Liangzhong YAO received the M.Sc. and Ph.D. degrees in electrical
power engineering from Tsinghua University, Beijing, China, in 1989
and 1993, respectively. He is currently the Vice President and the
Doctoral Supervisor of the China Electric Power Research Institute
(CEPRI). Prior to CEPRI, he was the Senior Power System Analyst at
ABB UK Ltd from 1999 to 2004, and was the Department Manager
for network solution and renewable energy at Alstom Grid Research
& Technology Centre in the UK from 2004 to 2011. Dr. Yao is a
Fellow of IET, a chartered engineer, and a member of CIGRE. He is
also the visiting professor at the University of Bath in the UK, and the
guest professor at both Shanghai Jiao Tong University and Sichuan
University, China.
Dong HUI received his B.S. and M.S. degrees in semiconductor
physics and devices from Huazhong University of Science and
Technology, China in 1990 and 1995, and Ph.D. degree in applied
superconductivity, from Institute of Electrical Engineering, Chinese
Academy of Sciences, in 1998, respectively.
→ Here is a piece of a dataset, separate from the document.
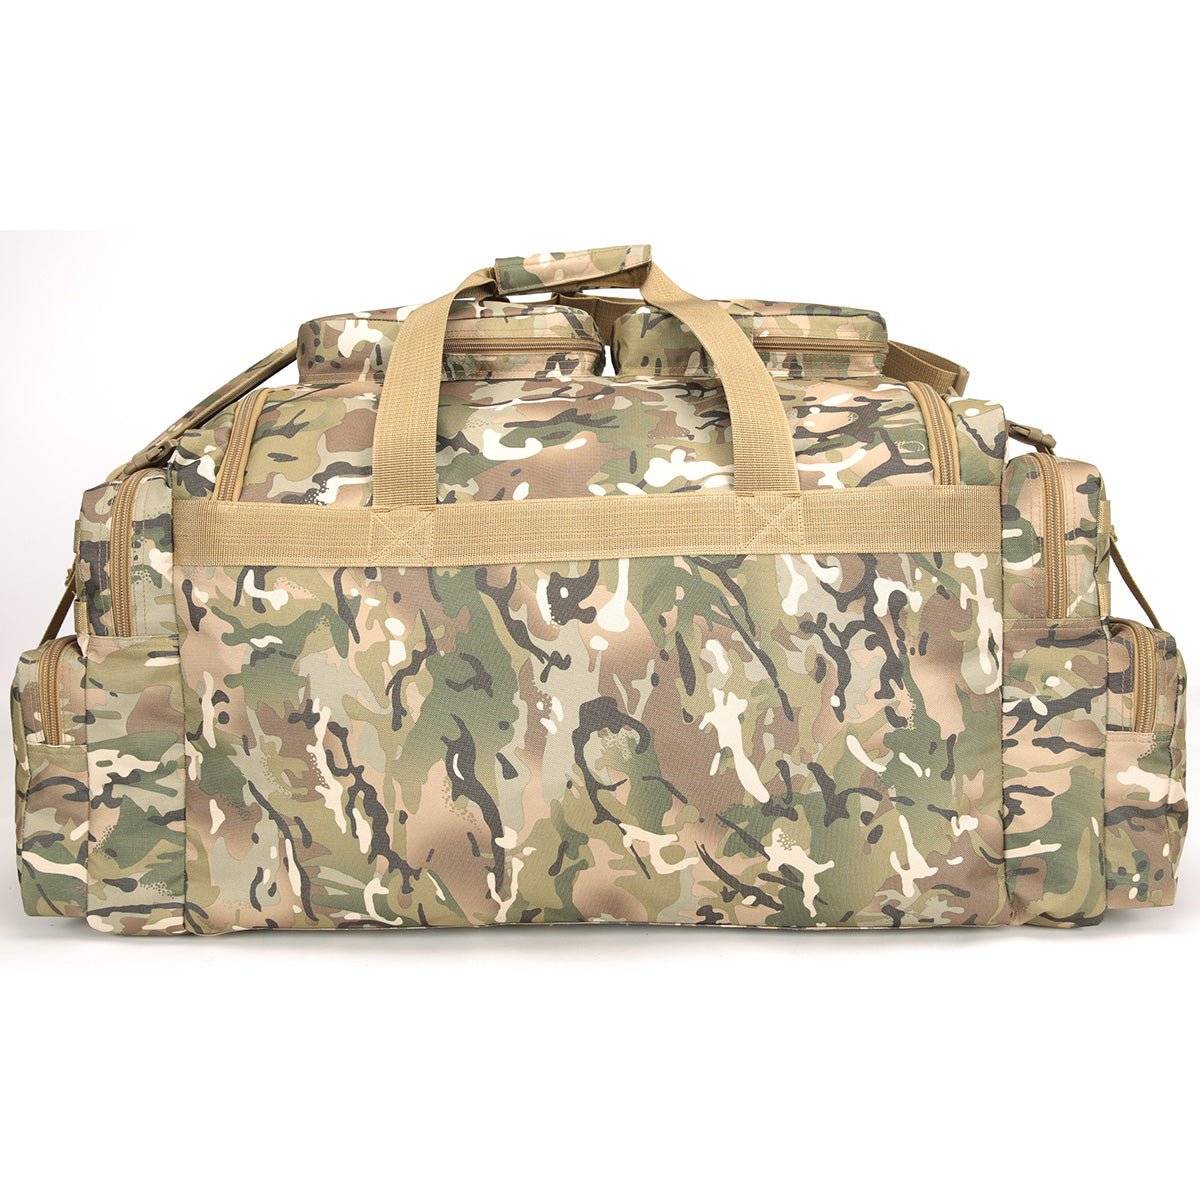 Kombat Saxon 125L Holdall Large Carry Bag - John Bull Clothing

He worked as visiting
scientist at Deutsches Elektronen Synchrotron (DESY), Hamburg,
Germany, from May 1999 to May 2002. After then, he worked as
associate professor, at the Institute of Electrical Engineering, Chinese
Academy of Sciences, from May 2002 to May 2007. He has been a
professor at China Electric Power Research Institute since June 2007
and now the chief engineer of electrical engineering and new material
department of CEPRI. His research interests include large scale
battery energy storage and power electronics.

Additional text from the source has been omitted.